■ Recorded information
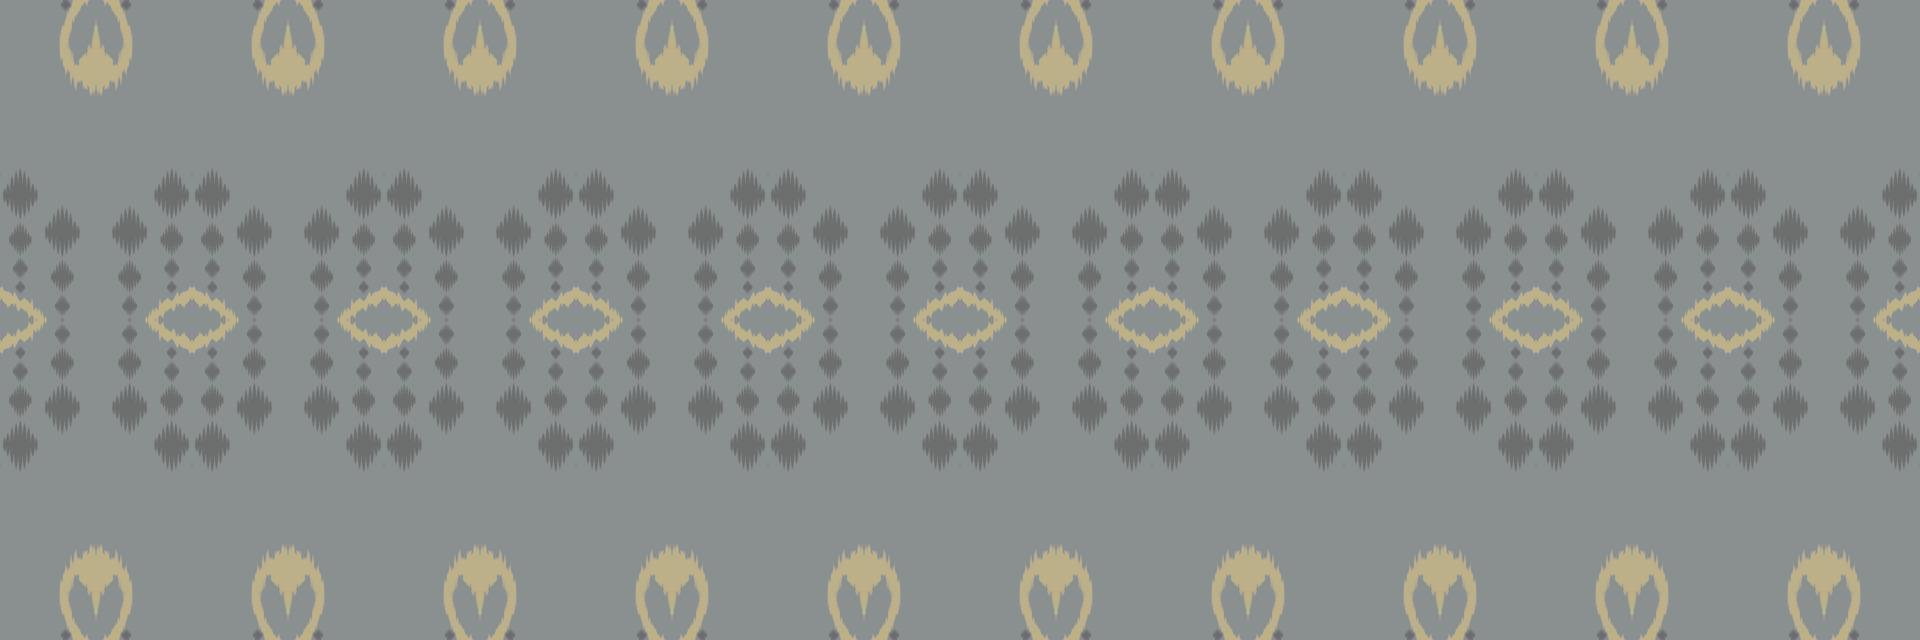 ikat nahtlose stammeshintergründe nahtloses muster. ethnische geometrische ikkat batik digitaler vektor textildesign für drucke stoff saree mughal pinsel symbol schwaden textur kurti kurtis kurtas
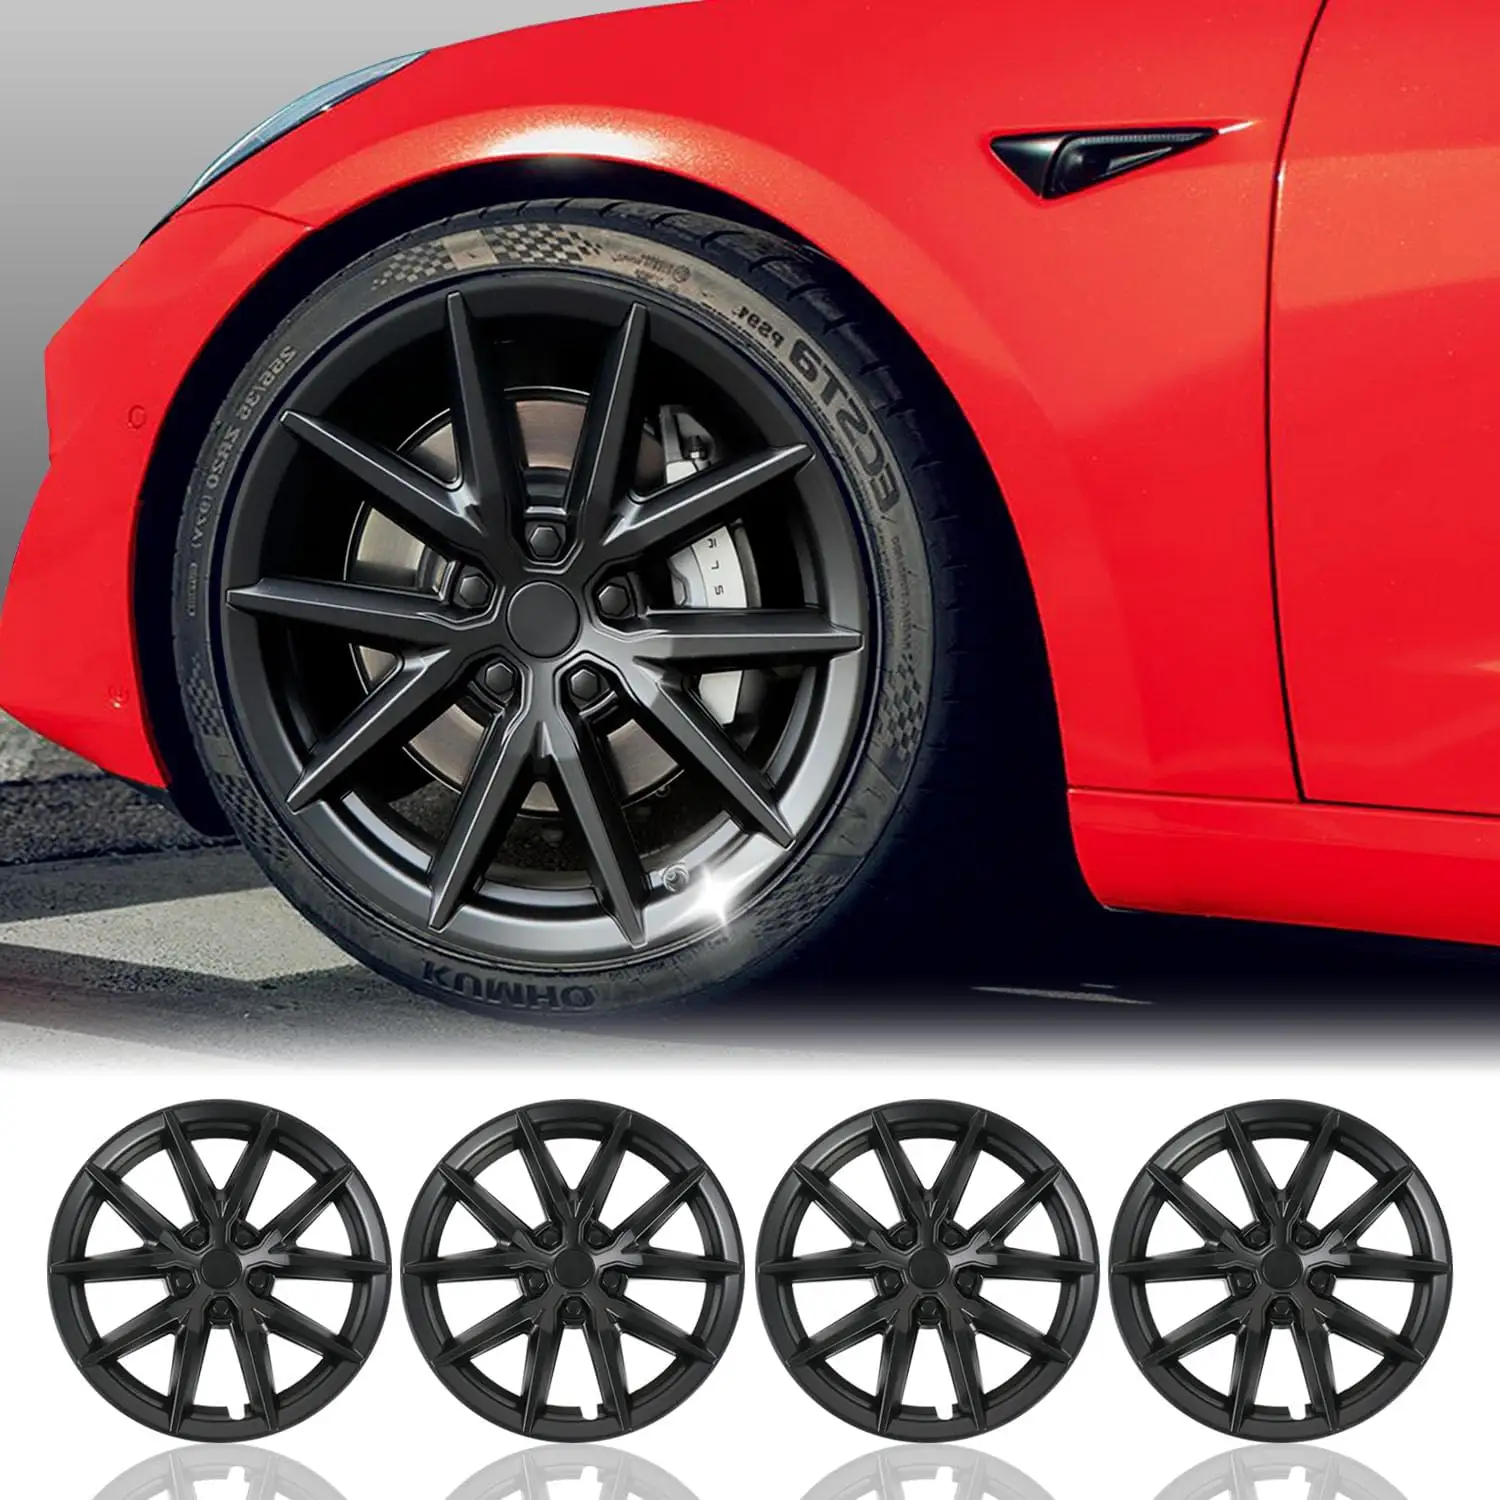 Nuevo estilo Tesla Modelo 3 18 "cubierta de rueda tapacubos Material ABS cubierta de cubo de rueda de coche con función de protección de cubierta de rueda completa
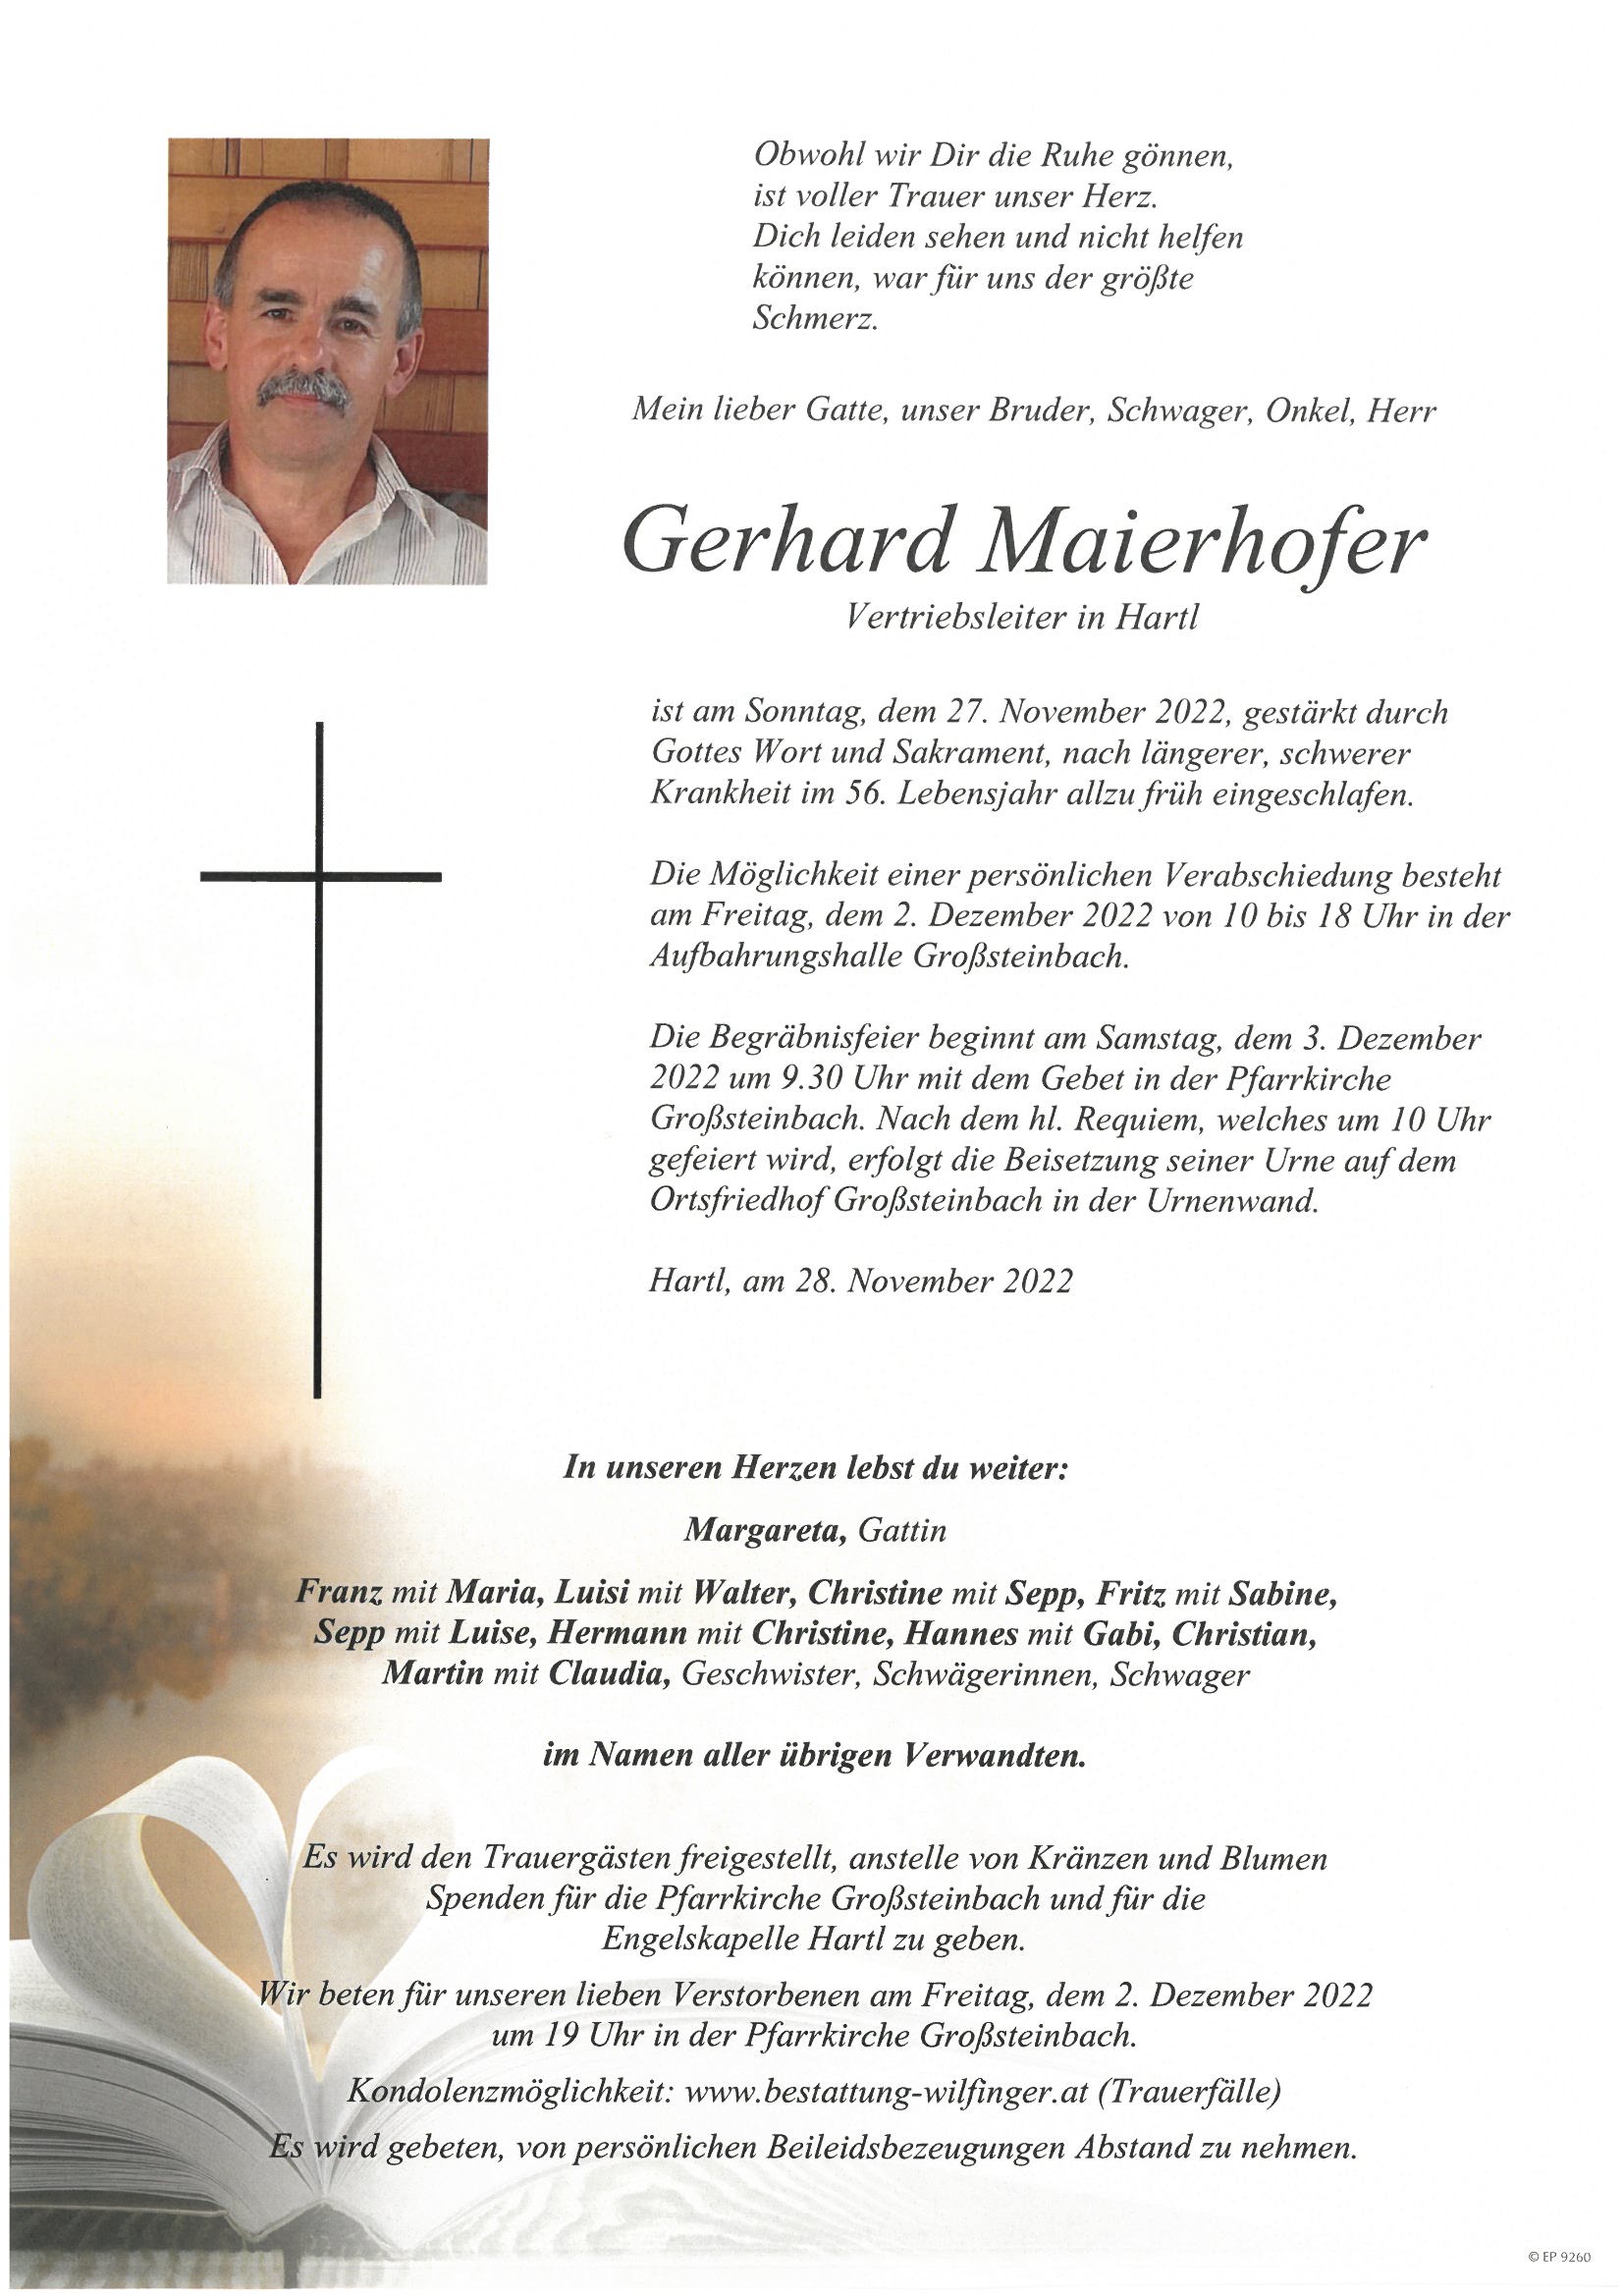 Gerhard Maierhofer, Hartl

■ What the exercise asks
Your task is to retype exactly, and only, the lines from the one that holds "Nuevo estilo Tesla" through the end of the listing, both end lines included, without any pictures.

■ Answer for the task
 Nuevo estilo Tesla Modelo 3 18 "cubierta de rueda tapacubos Material ABS cubierta de cubo de rueda de coche con función de protección de cubierta de rueda completa
 Gerhard Maierhofer, Hartl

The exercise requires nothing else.